Whether it’s a stolen stapler or a series of illegal trades, companies need to address crime committed by their own staff proportionately
No one likes to think their own employees are stealing from them, but it is a fact that crime committed by staff is a major business risk. From stealing office supplies to making illegal trades, firms need to be aware of the threat.
But they need to address it intelligently without compromising their corporate culture with excessive security.
“The insider risk varies from organisation to organisation,” says Angela Sasse, professor of human-centered technology at University College London. “In low-wage, high-turnover places, in which people don’t see a career path, businesses will experience more insider fraud than in more professional organisations.”
Generally, the problem can be divided into three areas: staff set out to defraud their employer; staff complacency makes it easier for other criminals to steal from or defraud the firm; and staff being blackmailed or otherwise manipulated into committing crimes. “Insider fraud can be a particularly emotional thing,” says Sasse. “It’s often quite uncomfortable to think that your own colleagues will act against you and so some firms will avoid the issue.”
While the number of insider attacks may not be as high as those by external criminals, they tend to have a higher success rate and more of a financial and operational impact. “Particularly where employees are defrauding from inside the company, they often know how to cover their tracks and they can be hard to catch,” says Sasse. “Some attacks can go on for years without being discovered.”
But protecting the business is easier than many might think.
Saving their blushes
When frauds are investigated, it often turns out that the criminal has committed similar crimes in other companies, which could have been identified through better screening at the recruitment stage.
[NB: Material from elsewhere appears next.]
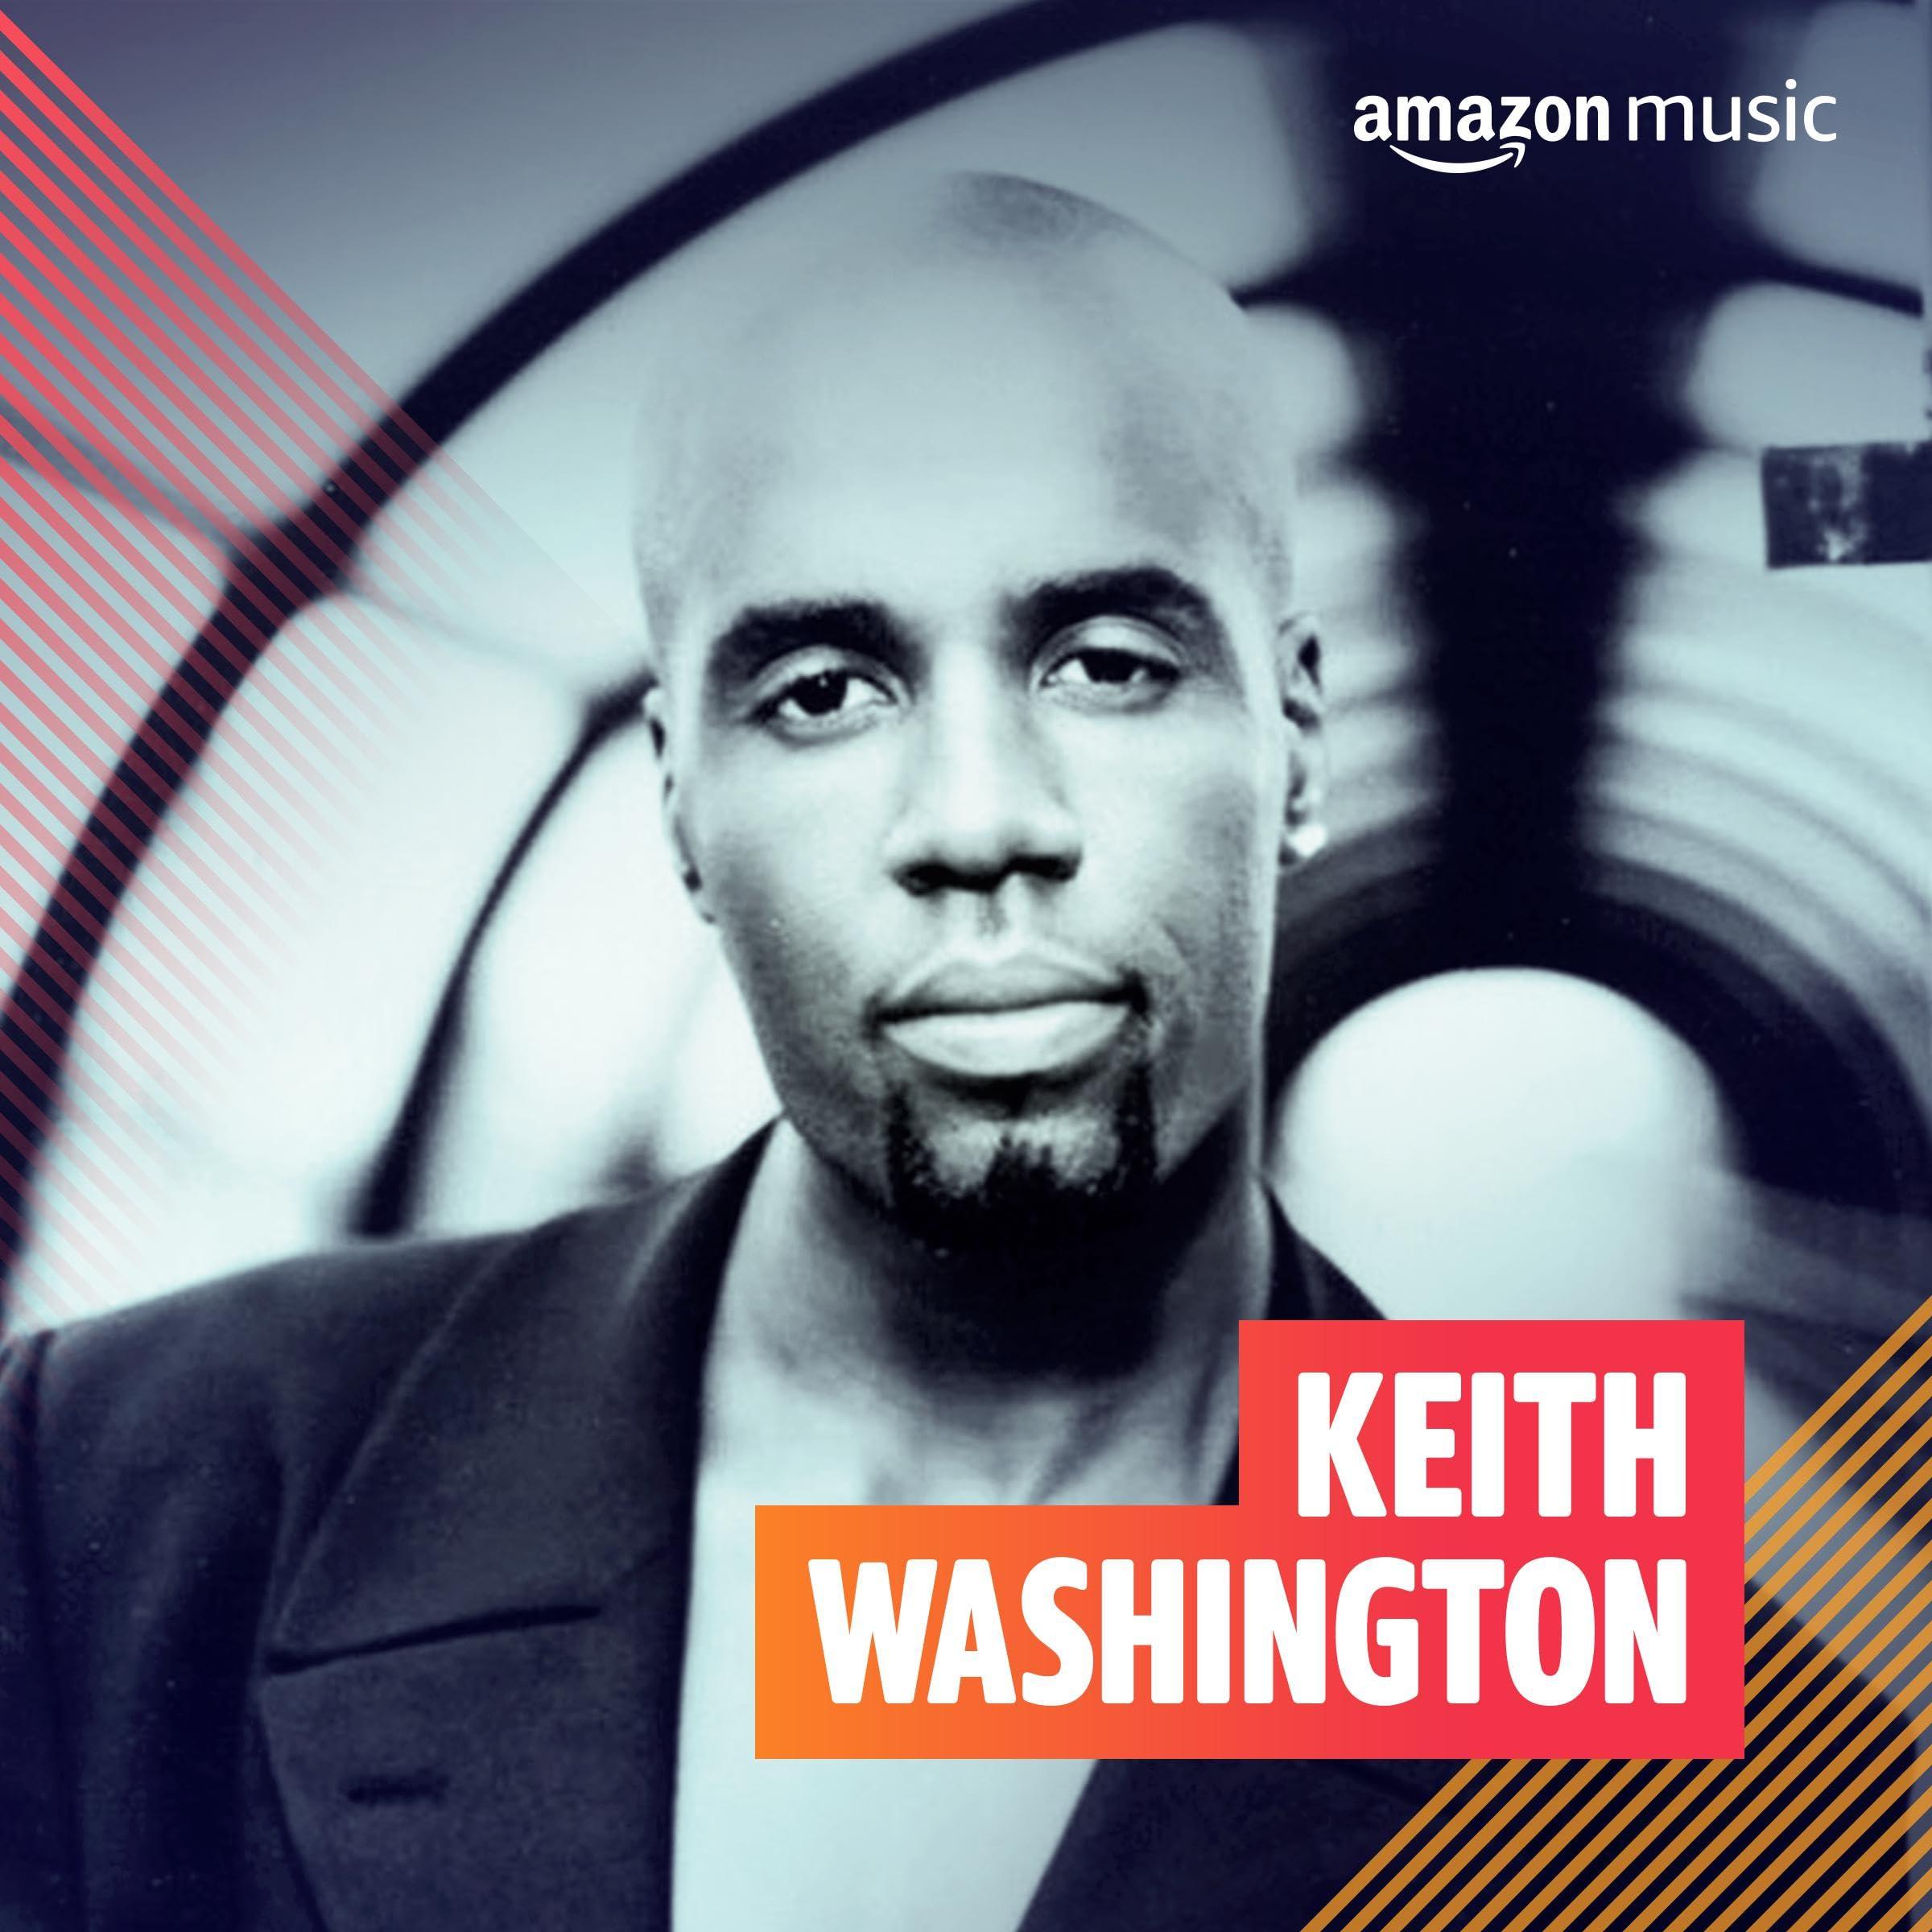 Keith Washington

“Often a problem arises because a previous employer was embarrassed to have been caught out, and so they let people go quietly to save their blushes,” says Sasse. “Thorough screening is important, particularly if businesses are recruiting to positions where staff have a lot of access to valuable material, money or sensitive data, or in businesses where working practice can be hard to monitor continuously. In these cases, there needs to be appropriate screening.”
There also needs to be appropriate wording in employment contracts. “Psychological contracts [the perceptions of the two parties, employee and employer, of what their mutual obligations are towards each other] that explicitly point out that certain behaviours are forbidden, such as harassing or bullying colleagues, are becoming more common,” says Sasse.
It is also critical to design your security system so that it actually works on a practical level and staff can comply without compromising their ability to do their job.
“Many attacks are carried out by disgruntled employees and often more work can be done to identify when workers are likely to fall out with their employers and thus become more likely to commit fraud,” says Sasse. Businesses can (i) actively manage the problem and work to provide training or other opportunities to help mitigate the situation; or (ii) put a watching brief in place and monitor an individual or situation closely.
Monitoring IT networks is important, but it should not be relied upon too much. “Monitoring software could catch some very emotive people, but many will slip through the net,” says Sasse. “It is also quite expensive to do continuously. A better approach is to have the capability to turn monitoring systems on when companies have intelligence to indicate that something is wrong. Continuous monitoring can also have a negative impact on staff, as most people don’t enjoy the feeling that they are being constantly spied on.”
Perhaps the single most significant step a firm can take to mitigate the risk is creating an open and engaging culture whereby staff value their workplace and treat each other with genuine respect.
Often, when there is an investigation after an attack, it turns out that co-workers were aware that their colleague was stealing or defrauding and were either too intimidated or apathetic to take any action.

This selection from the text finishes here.